她男朋友也是大院里的,两个人一起混,不过因为夏曼青是女生,所以她的坏名声更响而已,因为在大人心目中,女孩子都得是乖乖巧巧得,男孩子皮一点没事。当然,自家孩子就另说了。
先不说这赤.裸裸地性别歧视,就说夏曼青早恋这事,其实孔孟并没觉得有什么,学校这种情况多的是,只是她自己对这东西不感冒罢了。
只是因为早恋就耽误了成绩,这孔孟就觉得不对了,你该谈谈,该混混,成绩得有保证吧。虽说在大院里成绩不好也没事,反正以后扔军队里也能出头。
但是吧,你想小小年纪在外面活得自由自在,成绩就是最起码的保证,成绩好了,你就捅破天了,别人还觉得不是你干的,肯定是别人。
这就是大院那群妇女对于好学生的优待,没办法,都喜欢成绩好的。
“妈,我知道,我绝对,绝对不会早恋的,您就放一百万个心吧。”孔孟赶紧伸出两个手指做发誓状表示着。
“行,你心里有谱就行。”
钟罗春又专心开起车,孔孟松了一口气。
到了医院,孔孟拎上李姨做的补汤,钟罗春一手拎着个果篮,一手拎着几盒营养品,带着孔孟朝陶鸣珅的病房走。
还没进去,孔孟就听到里面一道苍老的哭声:“我的宝贝孙子啊,这是得罪了哪个黑心肠的,把你打成了这样,看看这脸,都不能看了。”
“唐老夫人,这事都是犬子的错,您别哭了,哭坏了身子不值当。我这孩子,您想打想骂都成,只要您出了气。”

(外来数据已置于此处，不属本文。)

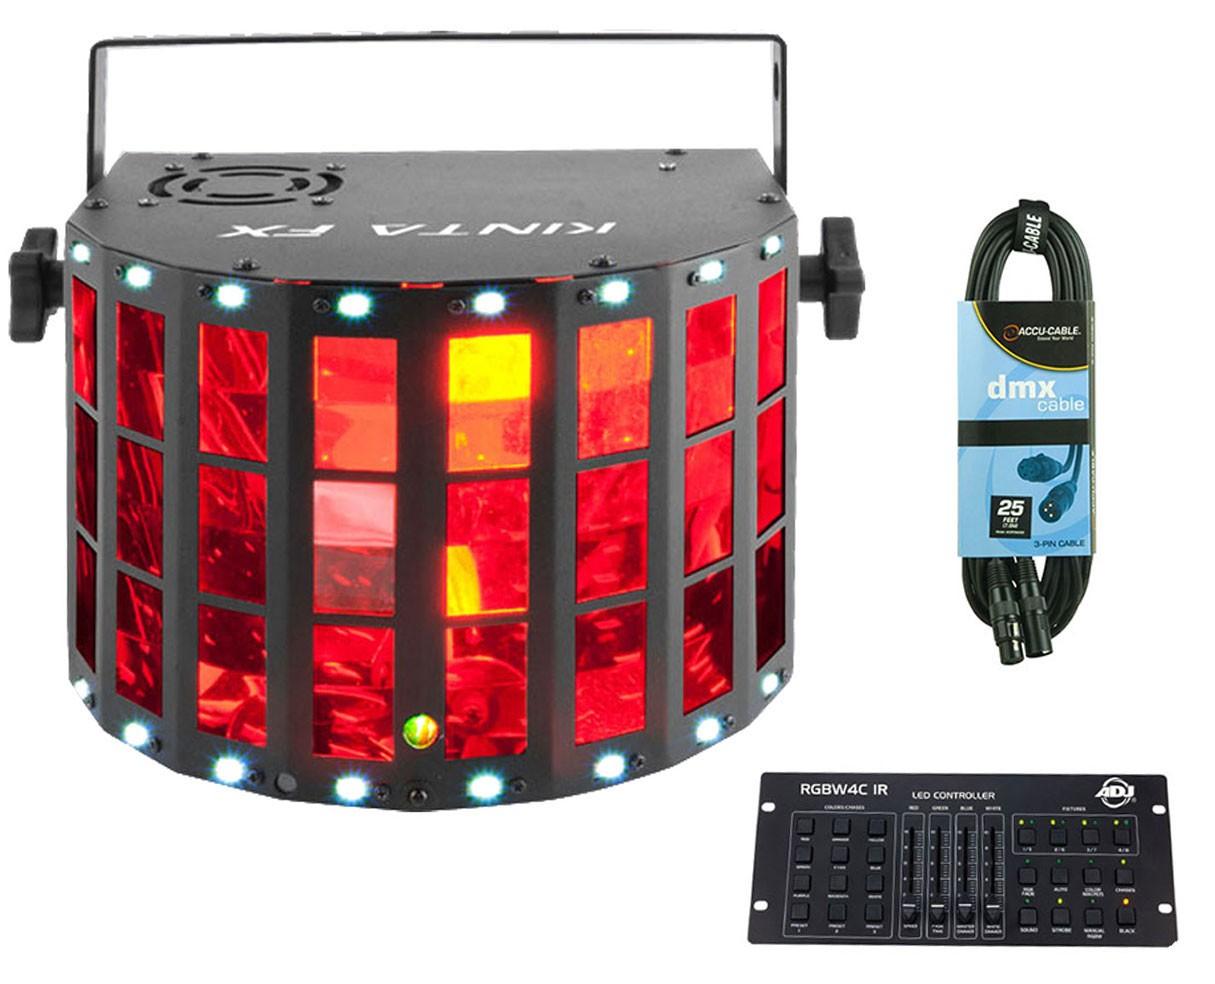 Chauvet Kinta FX + RGBW4C IR + Cable

“我打他做什么!就我这老胳膊老腿的,可不经他推,你这是想我也进一次治疗仓是不是?”
耿岑站出来,梗着头说:“事是我做的,我不会推卸责任,您想怎么处置我都成,但是您别污蔑我,我不会打老人的,我不是暴力狂!”
“你看看,你看看!这就是你们的认错态度?”唐珍白指着耿岑,气得浑身发抖:“我看他也没什么想认错的态度,你们走吧,这事还是公事公办,让警察来解决吧。”
唐珍白话音刚落,耿建军一脚就踢在了耿岑腿上,“噗通”一声,耿岑狠狠地跪在了地上,那声音,听着就觉得疼,但是耿岑就是皱了皱眉毛,一声没吭。

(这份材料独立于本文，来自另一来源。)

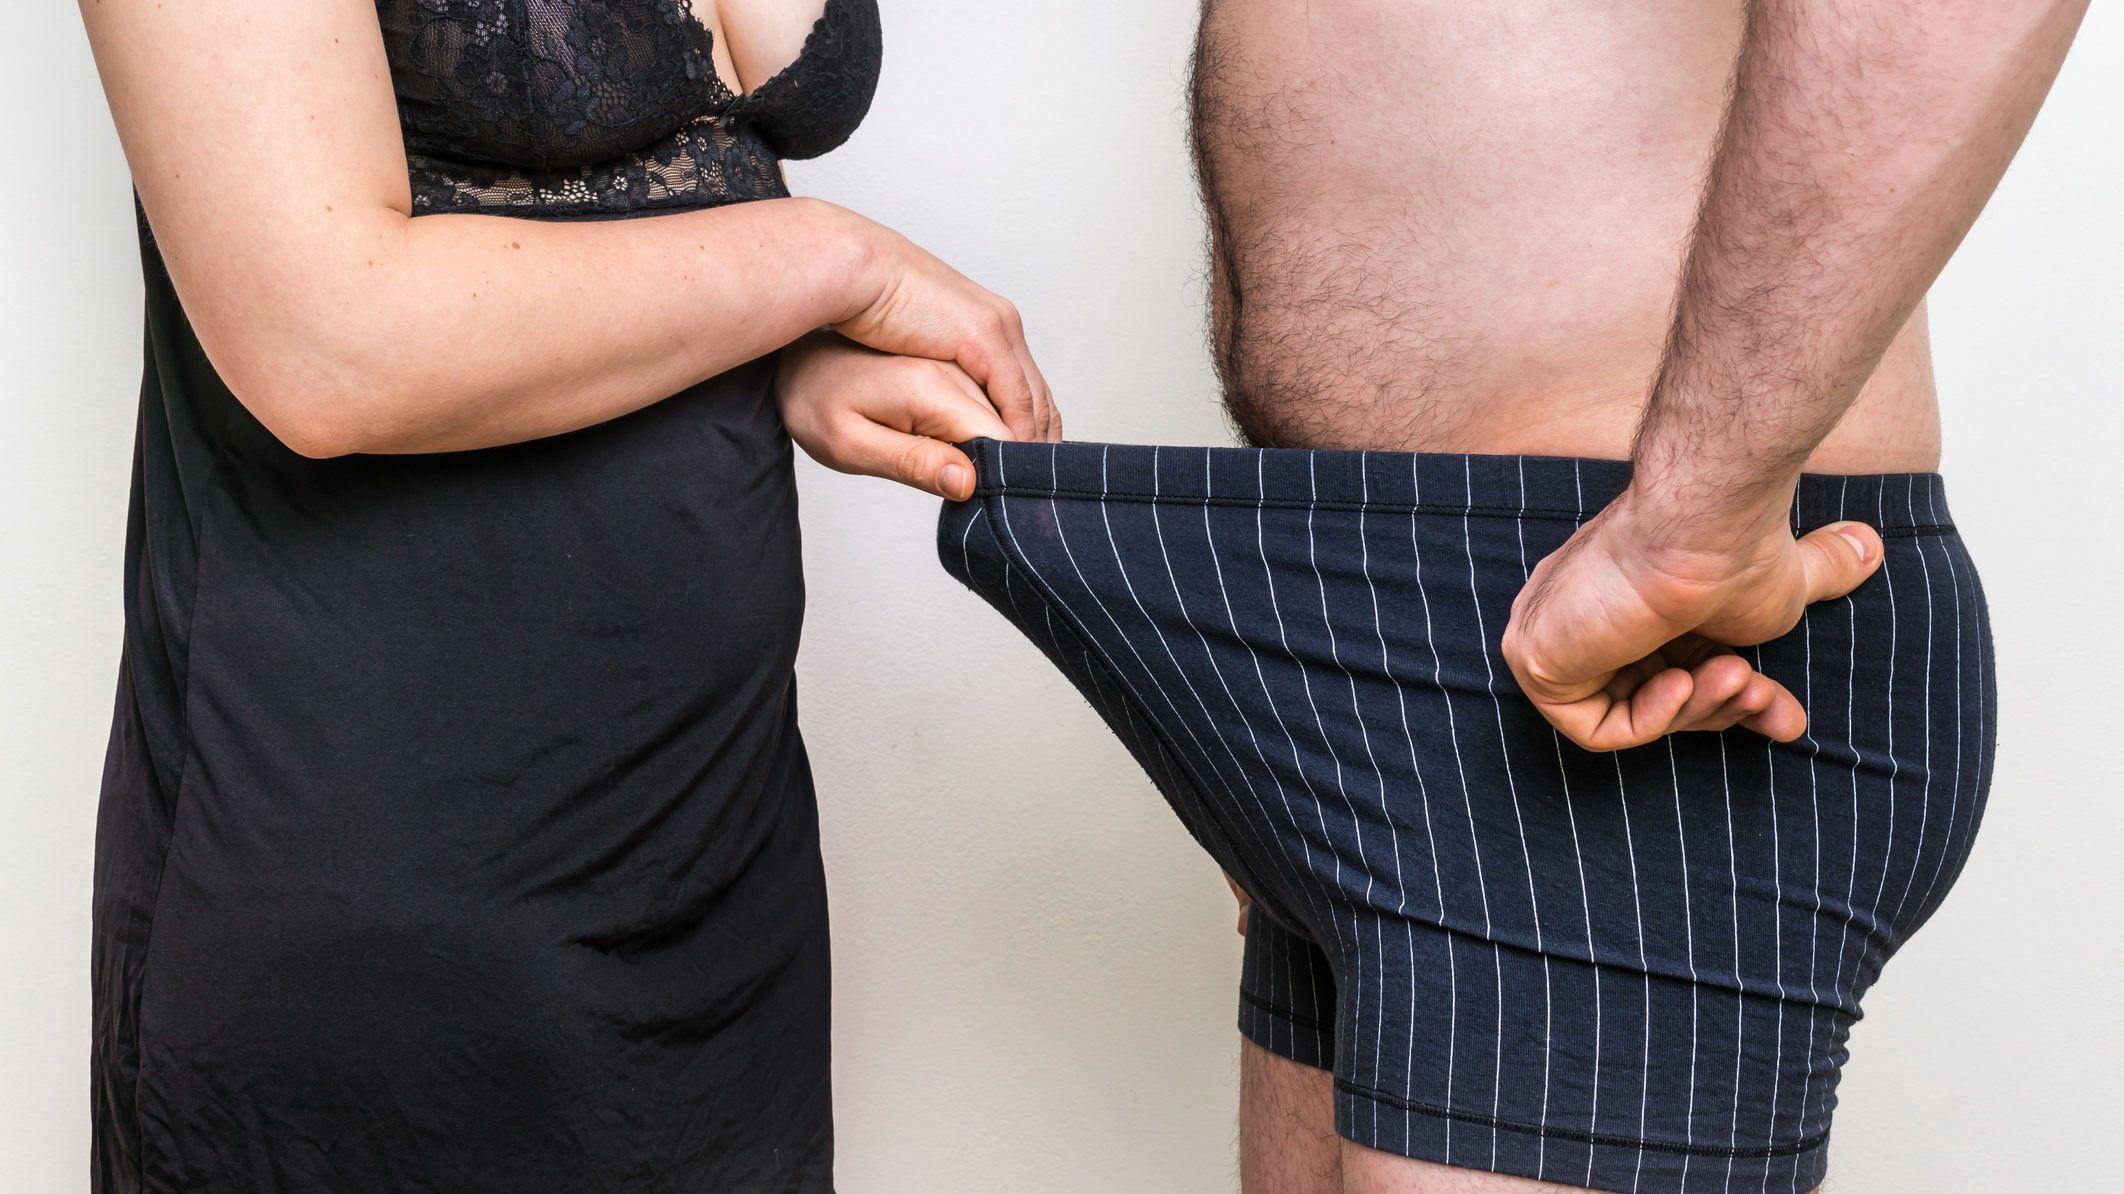 férfi pénisz hossza

“逆子!大人说话,哪有你插嘴的份,你还嫌不够乱是不是!”耿建军气得脸红脖子粗,额头的青筋都蹦了出来。
旁边一个老人满眼心疼地看着地上的耿岑,强忍着没去把他拉起来,只一脸祈求地看着唐珍白:“陶老弟,唐妹子,使不得,使不得,孩子还小,不懂事,这是我们大人教育的失误。但是把他送去警局,档案上有了污点,孩子就真的一辈子都毁了啊!我今儿也不要我这老脸了。我求求你们,再给小岑一次机会。”
“爷爷!”
“你别说话。”耿保兴呵斥耿岑一句,一脸祈求地看着陶广云和唐珍白。
按理说,作为军区元帅的儿子,耿岑是不该怕进警察局的,上面一句话的事,他这污点就消了。

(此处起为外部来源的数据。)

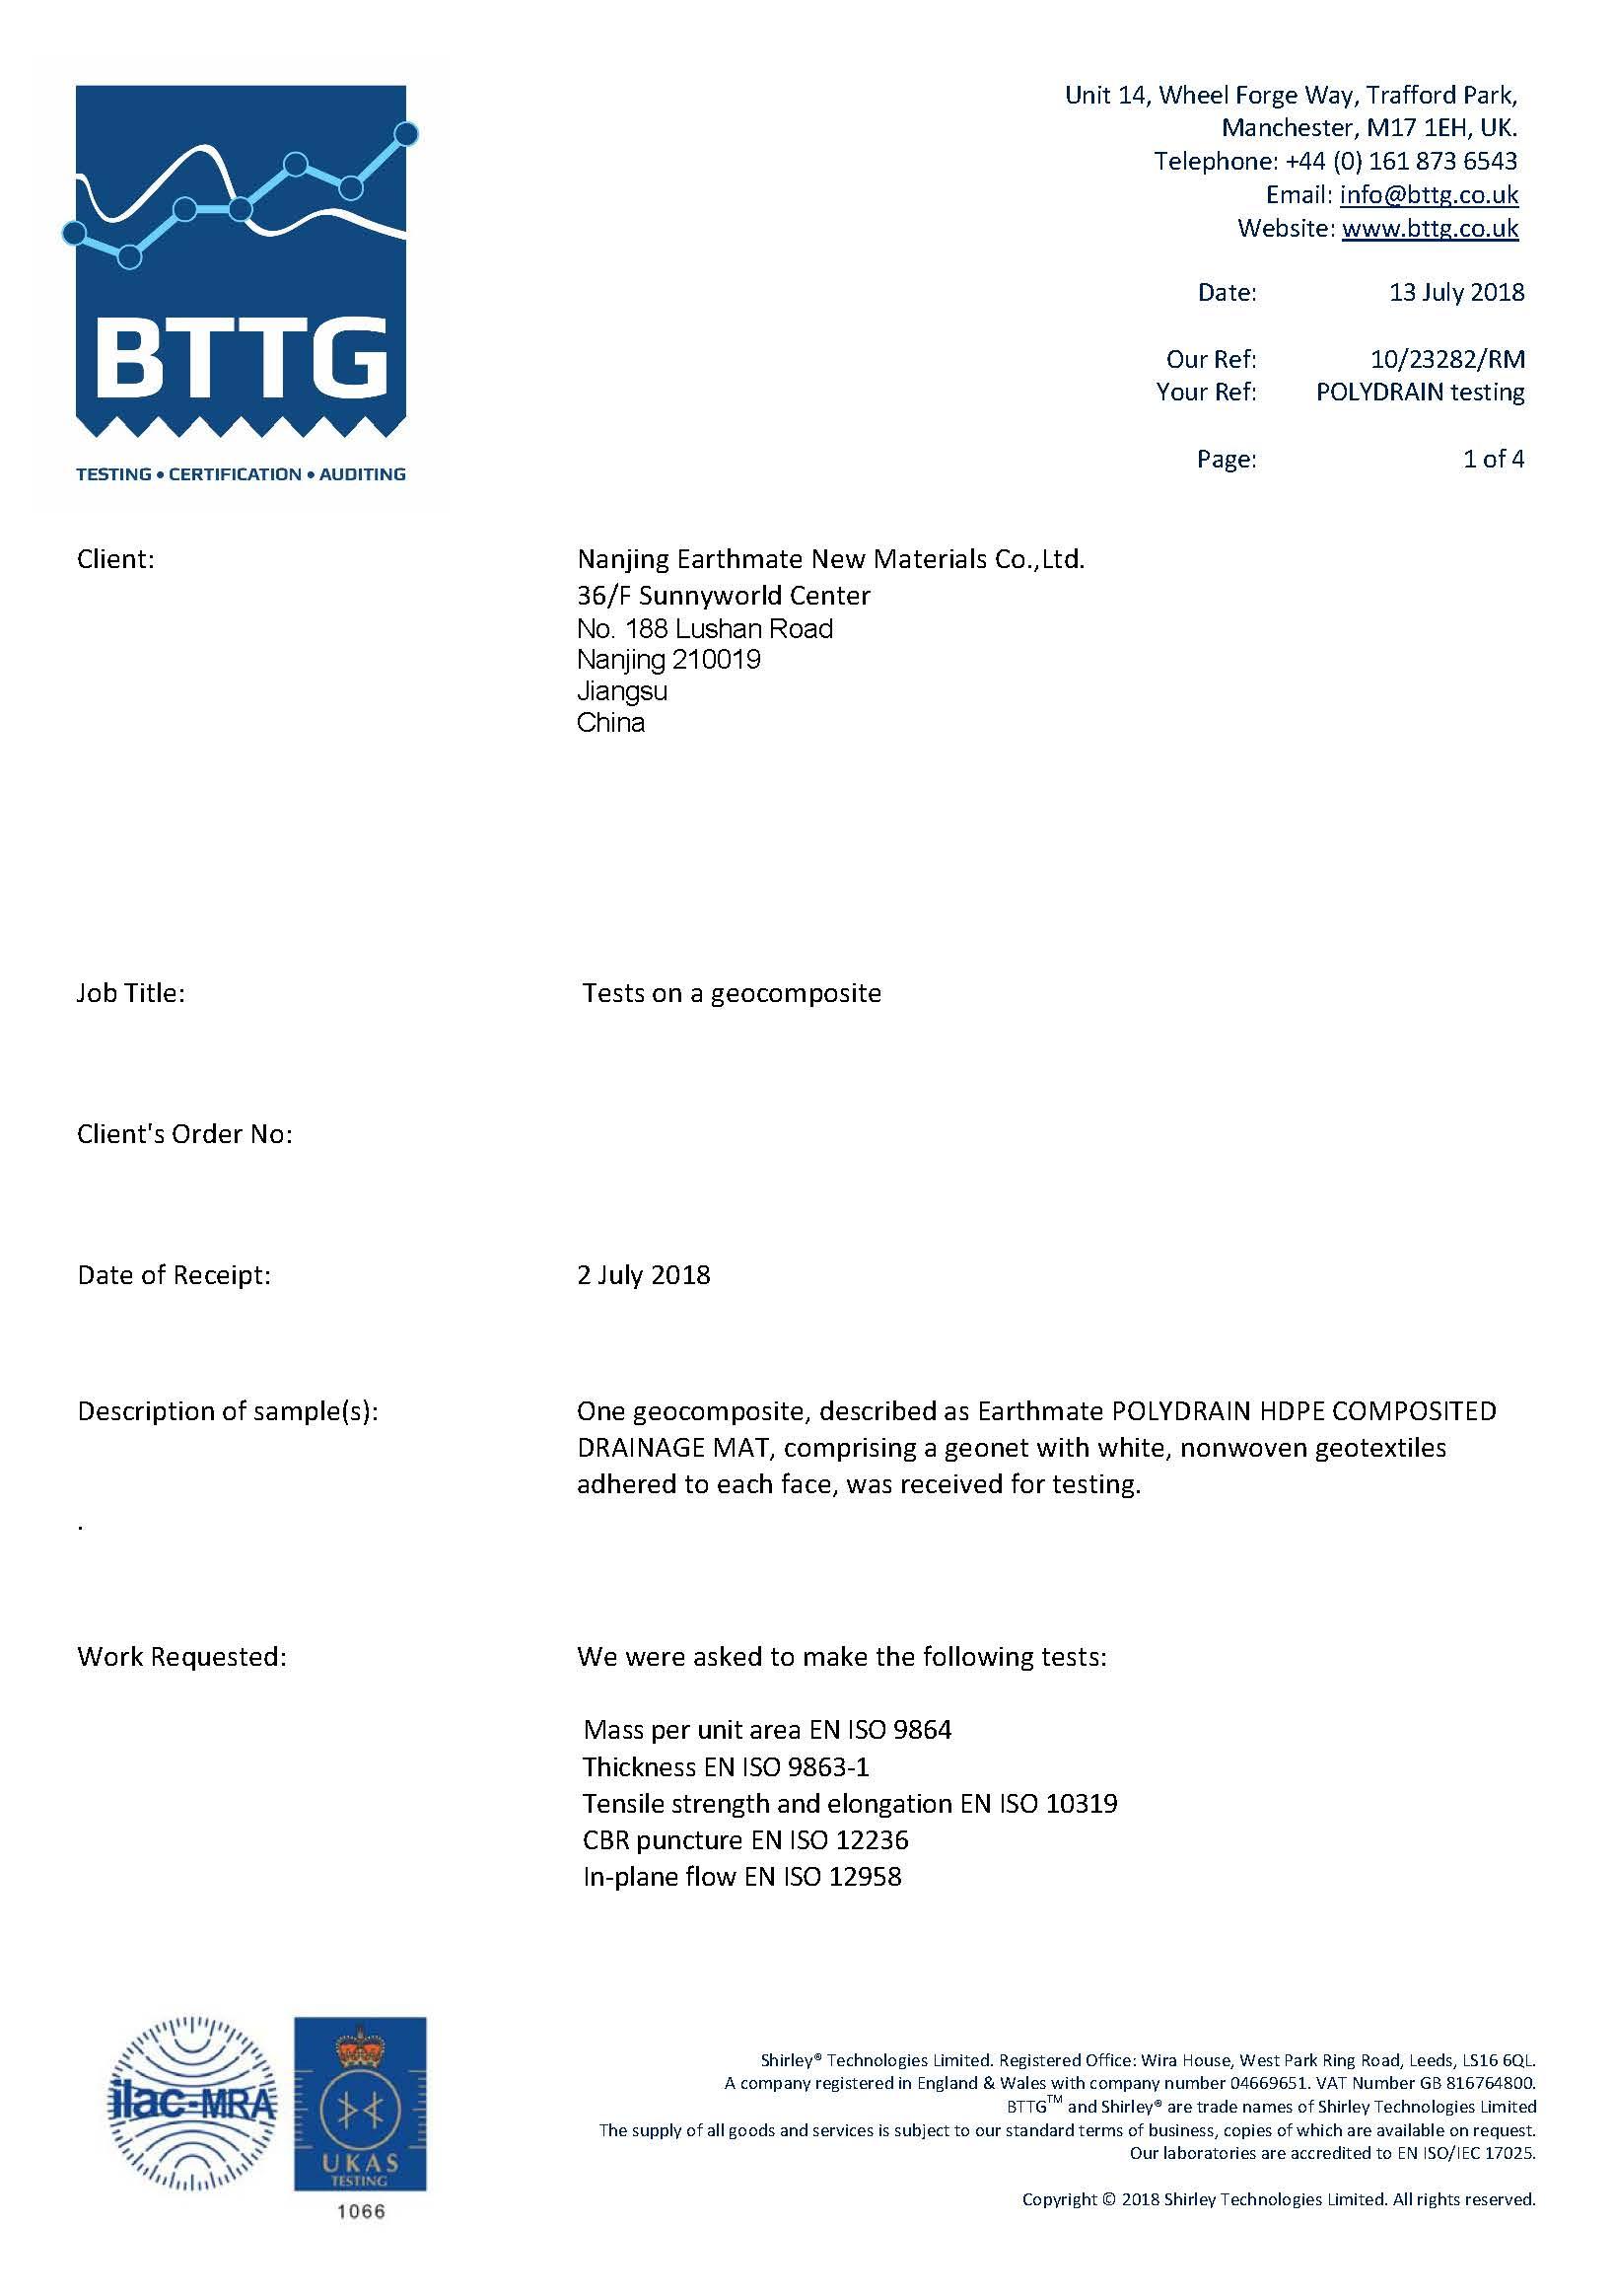 POLYDRAIN Compoisted Drainage Geonet Testing Report | BTTG,U.K.

可是耿岑这次打的不是普通人啊,也是一个元帅的儿子啊,陶家要是不想放过耿岑,那这档案上的污点,是怎么也消不下去的。
而军队出身的孩子,未来都是从军,有了这污点,耿岑想进军队,那是难上加难,再加上陶家盯着,那耿岑的未来就是真的毁了。
疼爱孙子的耿保兴,怎么可能眼睁睁看着耿岑一时脑热的错误,毁掉他以后的未来呢?想也知道不可能,所以才会有现在的苦苦哀求。